The intangible art of identifying, assessing, motivating and building a trusting relationship with the critical people in a target company is the single most important success factor in the long-run. Taking the time to establish these relationships and selling the idea of the acquisition to the management team as a positive step for the company and for them personally is critical. In Sany's successful acquisition of Putzmeister, the German cement pump manufacturer, the fact that Sany had previously committed 100 million euros to a greenfield research and development center in Cologne was widely reported in the press and demonstrated its commitment to the market. It is often the case that there is limited overlap between the organizations of a Chinese buyer and Western target.
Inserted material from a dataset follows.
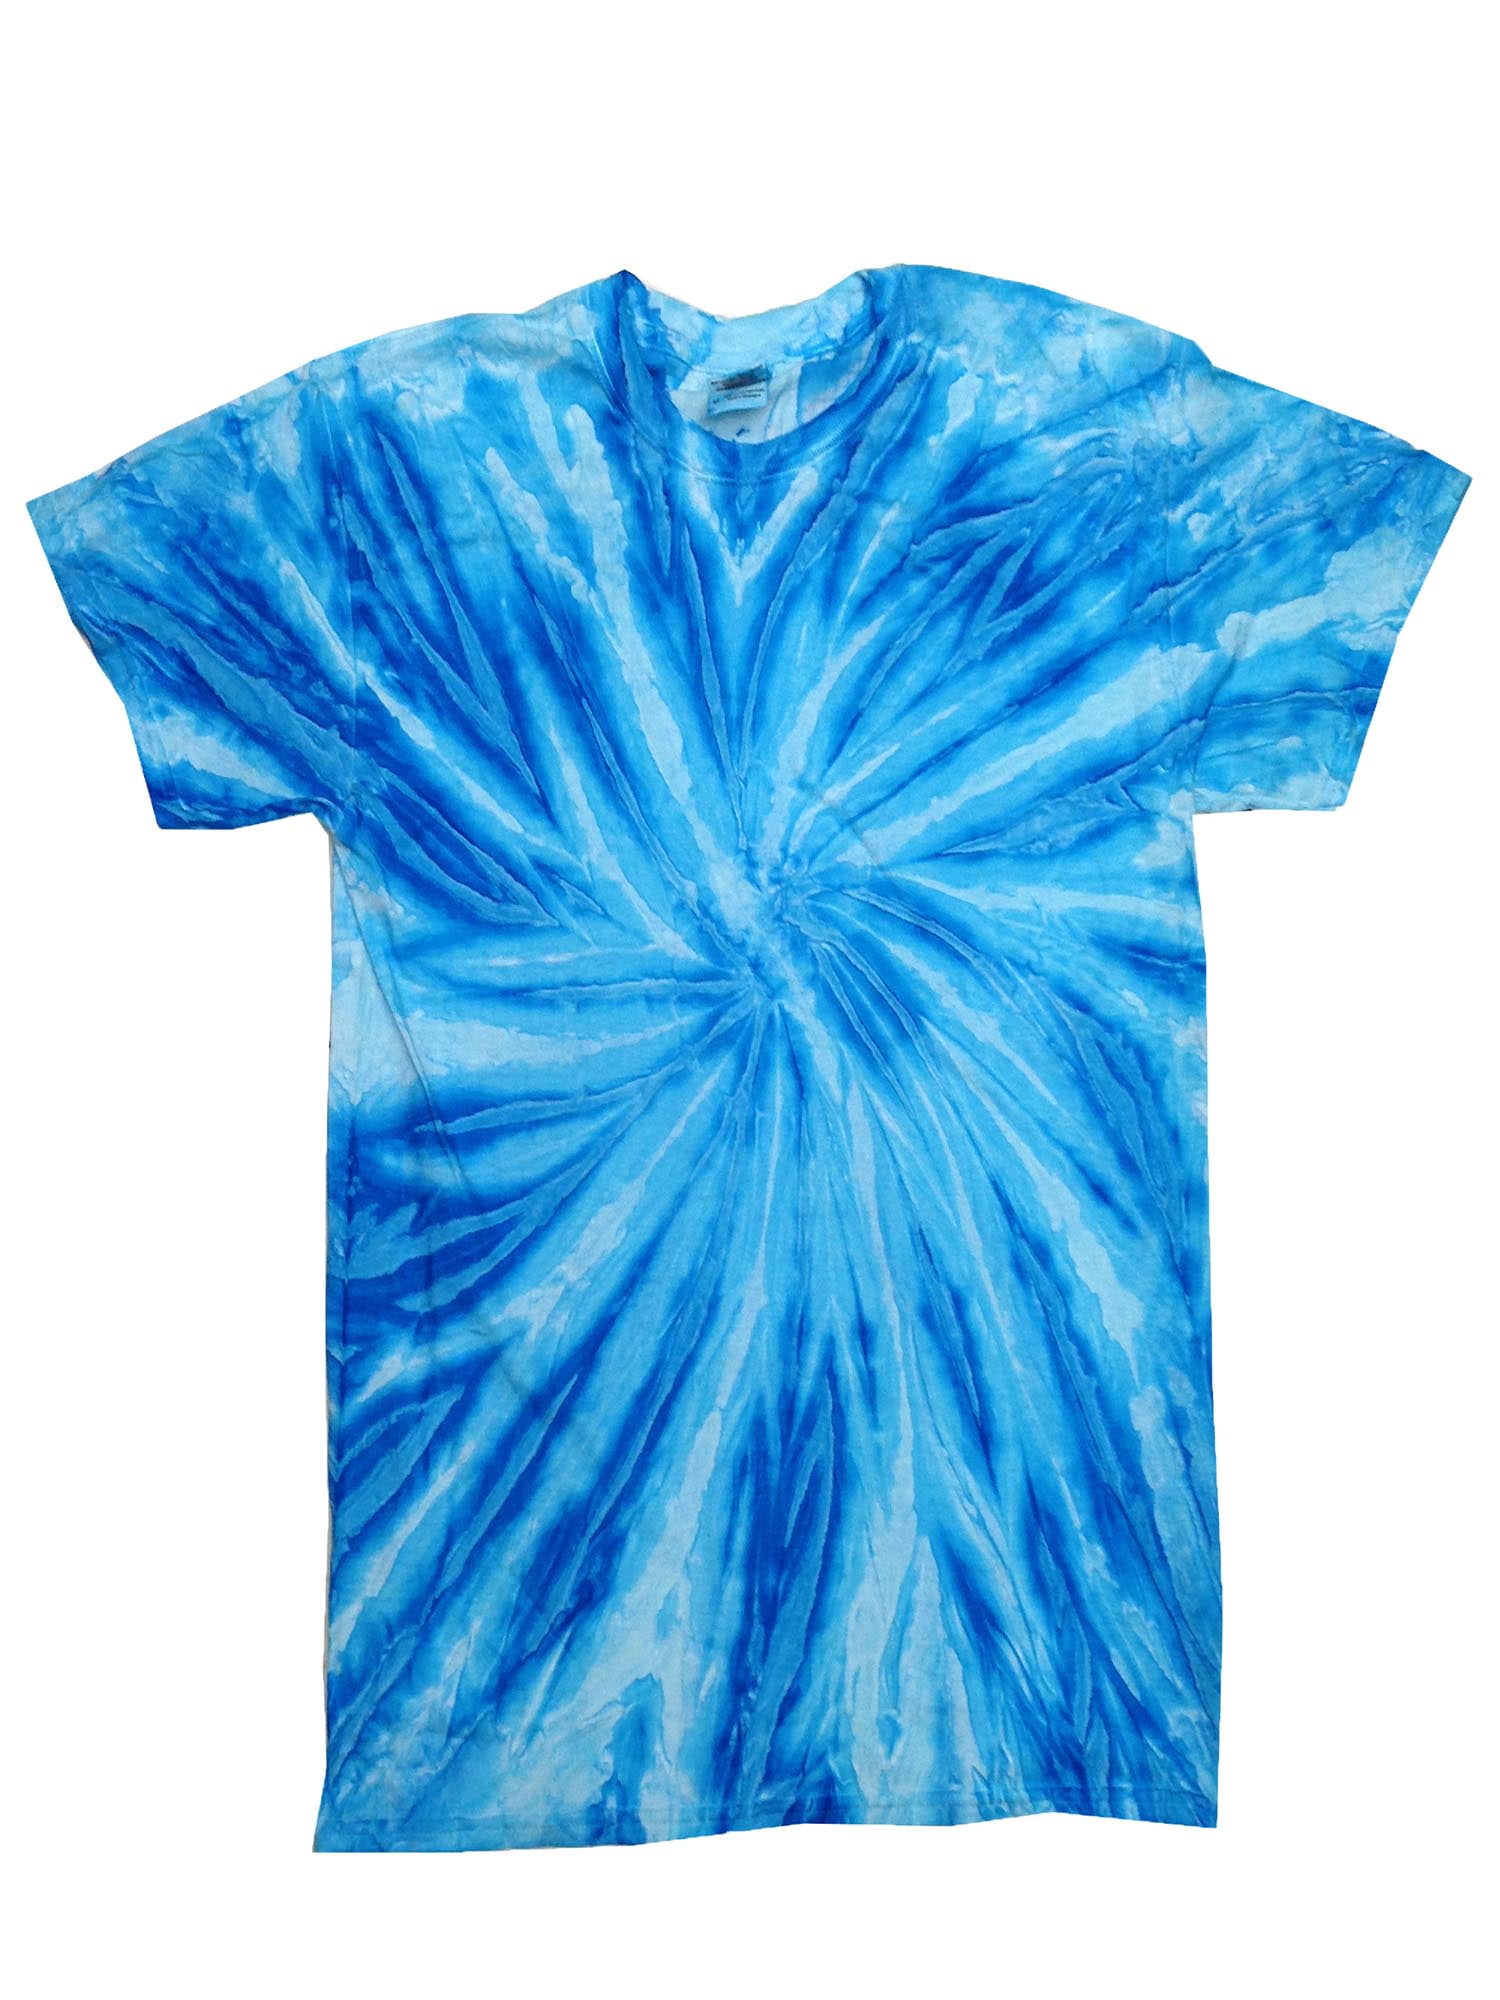 Colortone - Tie Dye T-Shirts Neon Twist Adult Sizes Multi Colors 100%

Selling this message and the likely corollary that it will mean no redundancies and could lead to expansion provides a strong incentive to go with a Chinese buyer, to both founding vendors and incumbent management.

The focus on management should also extend beyond the top team, especially for struggling companies, where the senior team is often part of the problem. In these cases releasing a talented middle management or changing the top can be highly successful strategies.

A critical role for someone advising a buyer is to assess the strength of the management team and help the client establish good relationships so it can make the deal work in the long-run. With the accumulated knowledge of the history and conclusion of the transaction, it is critical that the advisers' knowledge and relationships are not lost and that they are prepared to stay on hand to help in the 90-day plan and longer-term integration after the transaction. A merchant banking approach, in which an adviser works with a client over many years, is required, rather than deal makers who instantly move on to the next deal with little thought for the long-term success of their earlier client.

The people and the way the organizations interact are intangible, yet critical, for success.

The author is a founding partner of Vermilion Partners, an investment banking advisory and private equity firm focused on China. The views do not necessarily reflect those of China Daily.